Constructs the ResMLP-Big-24 model.

Parameters
  • pretrained (bool) – Whether to download the pre-trained model on ImageNet. Default: False

  • progress (bool) – If True, displays a progress bar of the download to stderr. Default: True

For example:

>>> import flowvision
>>> resmlp_big_24_224 = flowvision.models.resmlp_big_24_224(pretrained=False, progress=True)
flowvision.models.resmlp_big_24_224_in22k_to_1k(pretrained=False, progress=True, **kwargs)[source]

Constructs the ImageNet22k pretrained ResMLP-B-24 model.

Note

ImageNet22k pretrained ResMLP-B-24 model from “ResMLP: Feedforward networks for image classification with data-efficient training”. Note that this model is the same as resmlpB_24 but the pretrained weight is different.

Parameters
  • pretrained (bool) – Whether to download the pre-trained model on ImageNet. Default: False

  • progress (bool) – If True, displays a progress bar of the download to stderr. Default: True

For example:

>>> import flowvision
>>> resmlp_big_24_224_in22k_to_1k = flowvision.models.resmlp_big_24_224_in22k_to_1k(pretrained=False, progress=True)
flowvision.models.resmlp_big_24_distilled_224(pretrained=False, progress=True, **kwargs)[source]

Constructs the ResMLP-B-24 model with distillation.

Note

ResMLP-B-24 model with distillation from “ResMLP: Feedforward networks for image classification with data-efficient training”. Note that this model is the same as resmlpB_24 but the pretrained weight is different.

Parameters
  • pretrained (bool) – Whether to download the pre-trained model on ImageNet. Default: False

  • progress (bool) – If True, displays a progress bar of the download to stderr. Default: True

For example:

>>> import flowvision
>>> resmlp_big_24_distilled_224 = flowvision.models.resmlp_big_24_distilled_224(pretrained=False, progress=True)

gMLP

flowvision.models.gmlp_b16_224(pretrained=False, progress=True, **kwargs)[source]

Constructs the gMLP-base-16 224x224 model.

Note

gMLP-base-16 224x224 model from “Pay Attention to MLPs”.

Parameters
  • pretrained (bool) – Whether to download the pre-trained model on ImageNet. Default: False

  • progress (bool) – If True, displays a progress bar of the download to stderr. Default: True

For example:

>>> import flowvision
>>> gmlp_b16_224 = flowvision.models.gmlp_b16_224(pretrained=False, progress=True)
flowvision.models.gmlp_s16_224(pretrained=False, progress=True, **kwargs)[source]

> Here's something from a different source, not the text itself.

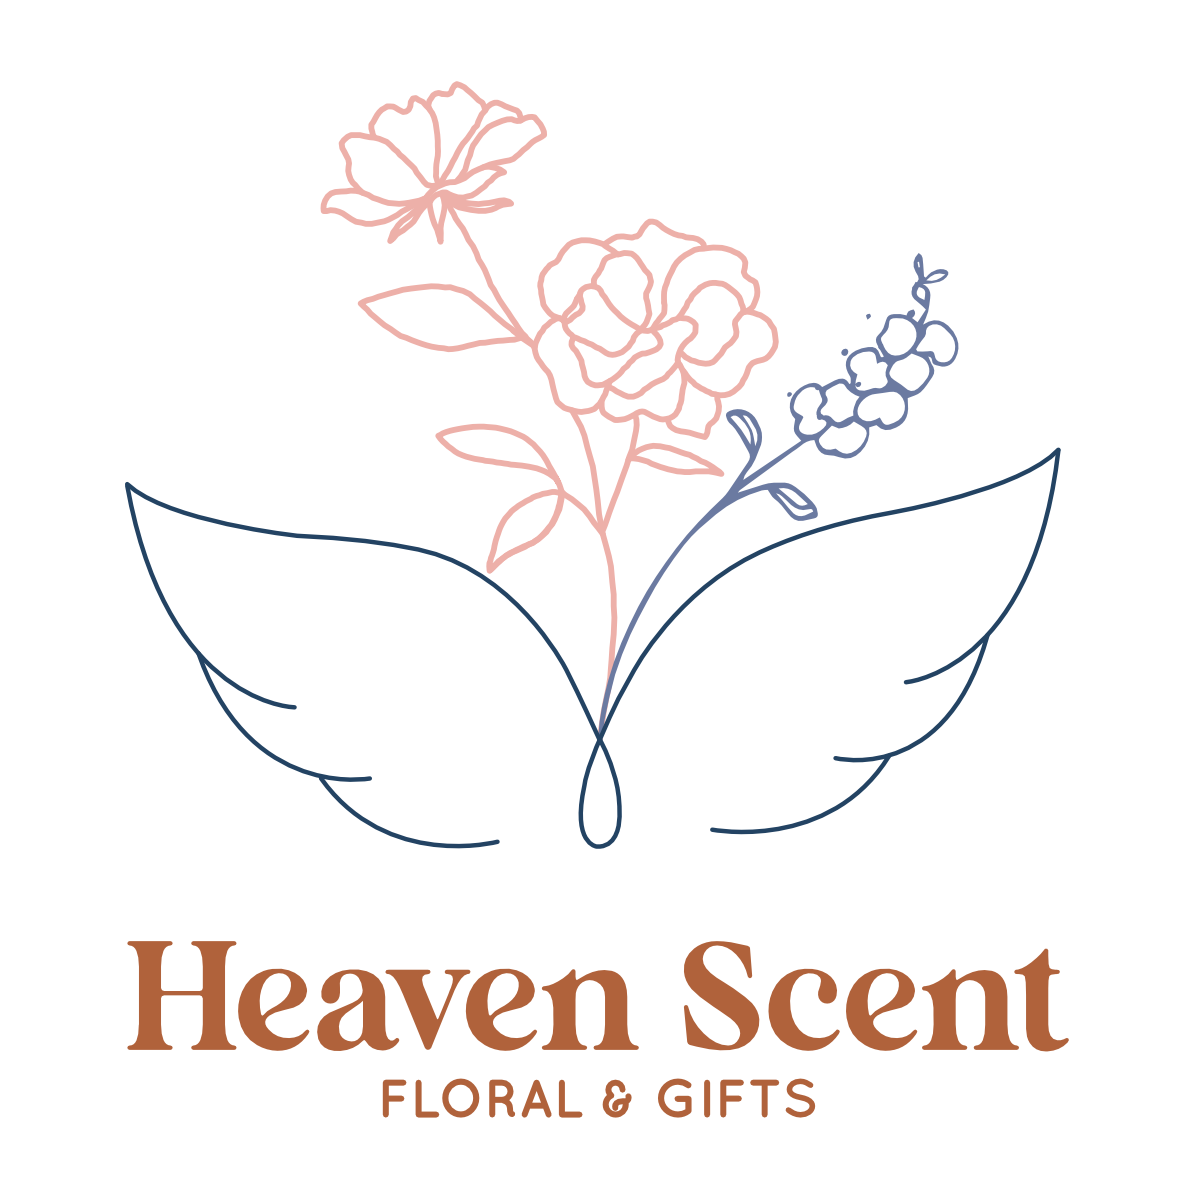 Heaven Scent Floral and Gifts 423 W Park St, Anaconda Montana 59711

Constructs the gMLP-small-16 224x224 model.

Note

gMLP-small-16 224x224 model from “Pay Attention to MLPs”.

Parameters
  • pretrained (bool) – Whether to download the pre-trained model on ImageNet. Default: False

  • progress (bool) – If True, displays a progress bar of the download to stderr. Default: True

For example:

>>> import flowvision
>>> gmlp_s16_224 = flowvision.models.gmlp_s16_224(pretrained=False, progress=True)
flowvision.models.gmlp_ti16_224(pretrained=False, progress=True, **kwargs)[source]

Constructs the gMLP-tiny-16 224x224 model.

Note

gMLP-tiny-16 224x224 model from “Pay Attention to MLPs”.

Parameters
  • pretrained (bool) – Whether to download the pre-trained model on ImageNet. Default: False

  • progress (bool) – If True, displays a progress bar of the download to stderr. Default: True

For example:

>>> import flowvision
>>> gmlp_ti16_224 = flowvision.models.gmlp_ti16_224(pretrained=False, progress=True)

ConvMixer

flowvision.models.convmixer_1024_20(pretrained: bool = False, progress: bool = True, **kwargs)[source]

Constructs the ConvMixer model with 20 depth and 1024 hidden size.

Note

ConvMixer model with 20 depth and 1024 hidden size from the Patched Are All You Need? paper.

Parameters
  • pretrained (bool) – Whether to download the pre-trained model on ImageNet. Default: False

  • progress (bool) – If True, displays a progress bar of the download to stderr. Default: True

For example:

>>> import flowvision
>>> convmixer_1024_20 = flowvision.models.convmixer_1024_20(pretrained=False, progress=True)
flowvision.models.convmixer_1536_20(pretrained: bool = False, progress: bool = True, **kwargs)[source]

Constructs the ConvMixer model with 20 depth and 1536 hidden size.

Note

ConvMixer model with 20 depth and 1536 hidden size from the Patched Are All You Need? paper.

Parameters
  • pretrained (bool) – Whether to download the pre-trained model on ImageNet. Default: False

  • progress (bool) – If True, displays a progress bar of the download to stderr. Default: True

For example:

>>> import flowvision
>>> convmixer_1536_20 = flowvision.models.convmixer_1536_20(pretrained=False, progress=True)
flowvision.models.convmixer_768_32_relu(pretrained: bool = False, progress: bool = True, **kwargs)[source]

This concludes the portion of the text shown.